EXERCISE MATERIAL:
___
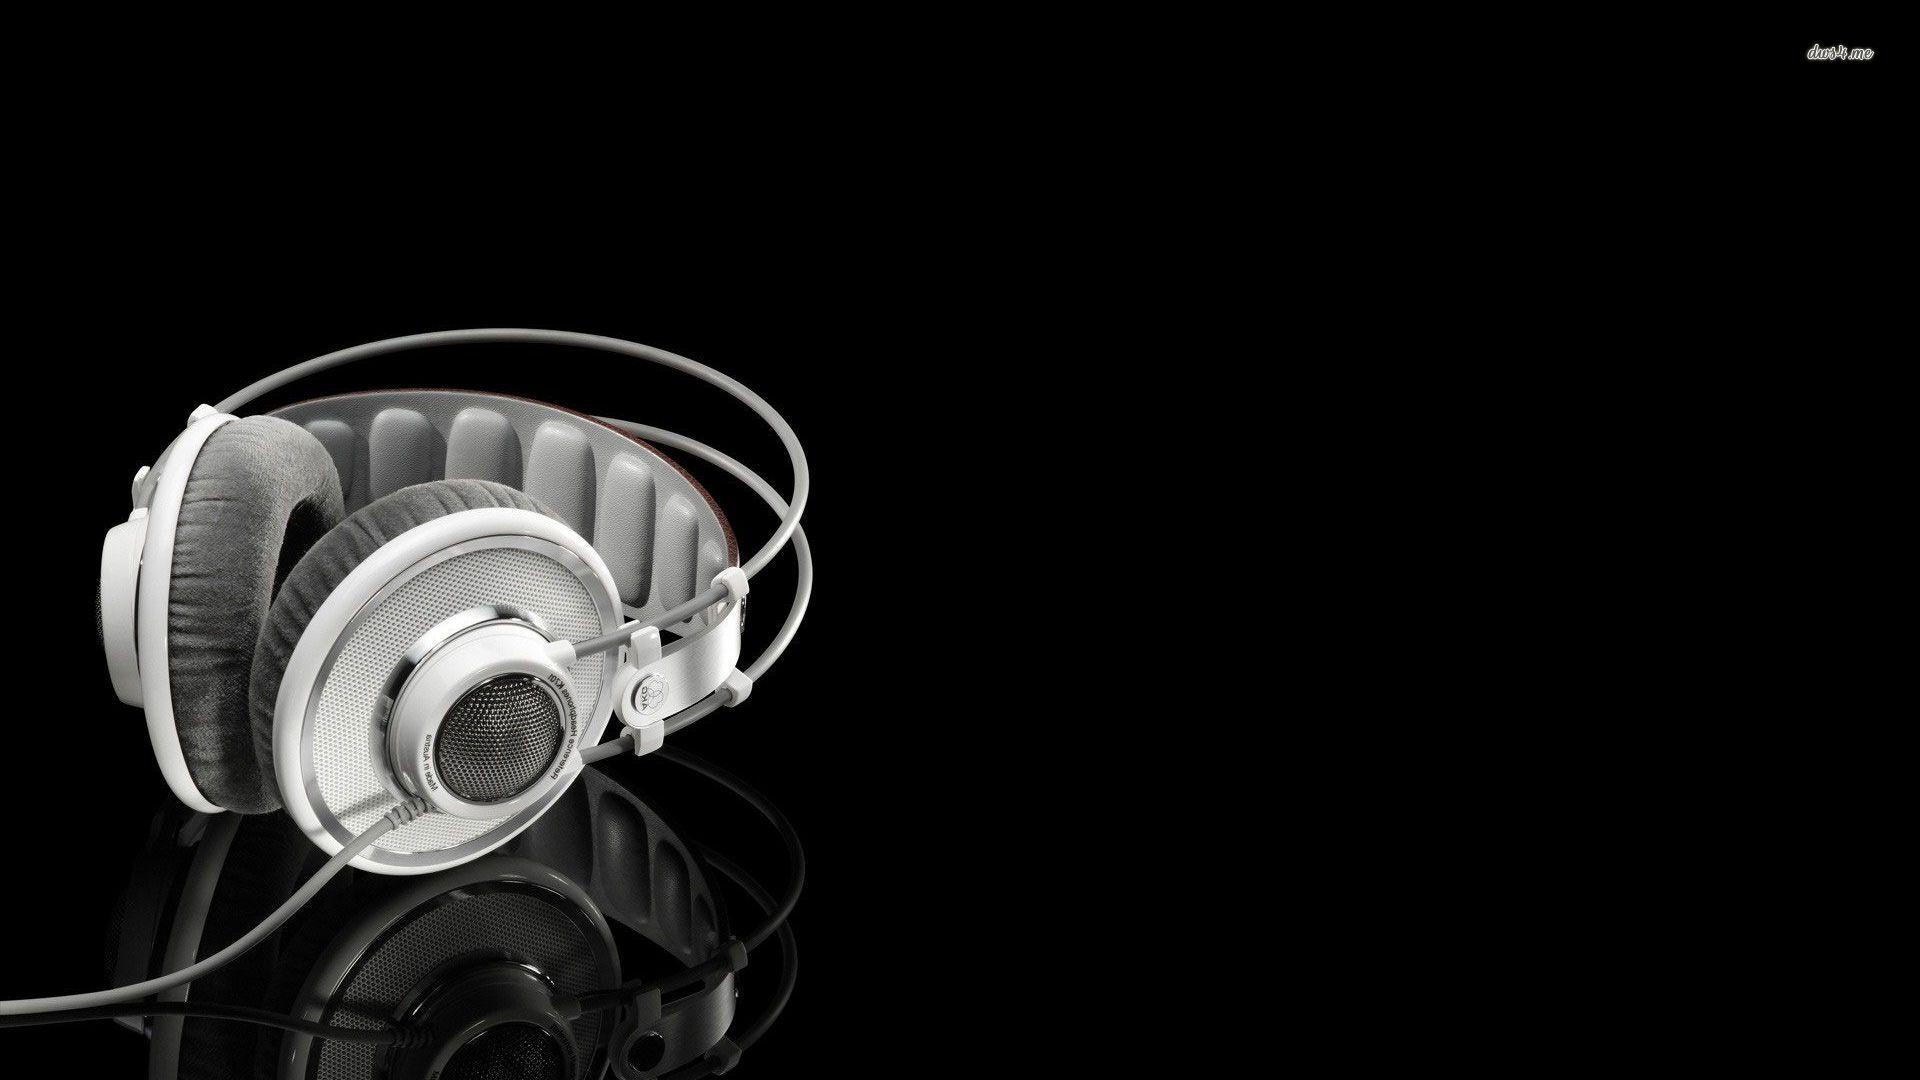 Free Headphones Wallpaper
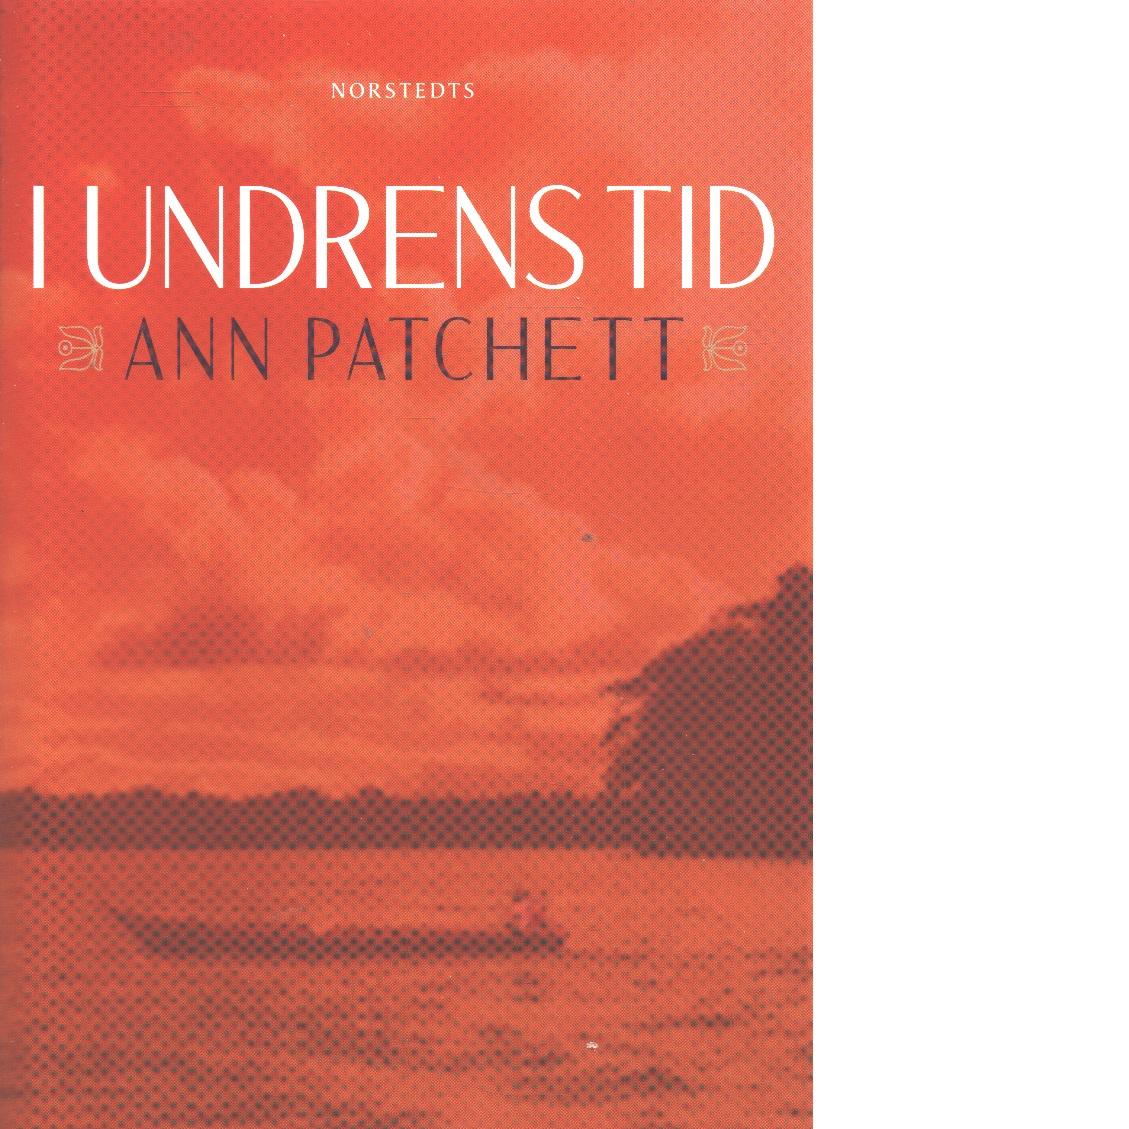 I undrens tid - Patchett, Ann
___
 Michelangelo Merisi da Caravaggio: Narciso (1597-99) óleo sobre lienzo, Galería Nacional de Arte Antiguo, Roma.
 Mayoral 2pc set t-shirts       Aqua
___
TASK BRIEF:
What you write must match the listing exactly, from the line with "Free Headphones Wallpaper" up to and including the line with "I undrens tid - Patchett, Ann". Pictures stay out.

RESPONSE BELOW:
 Free Headphones Wallpaper
 I undrens tid - Patchett, Ann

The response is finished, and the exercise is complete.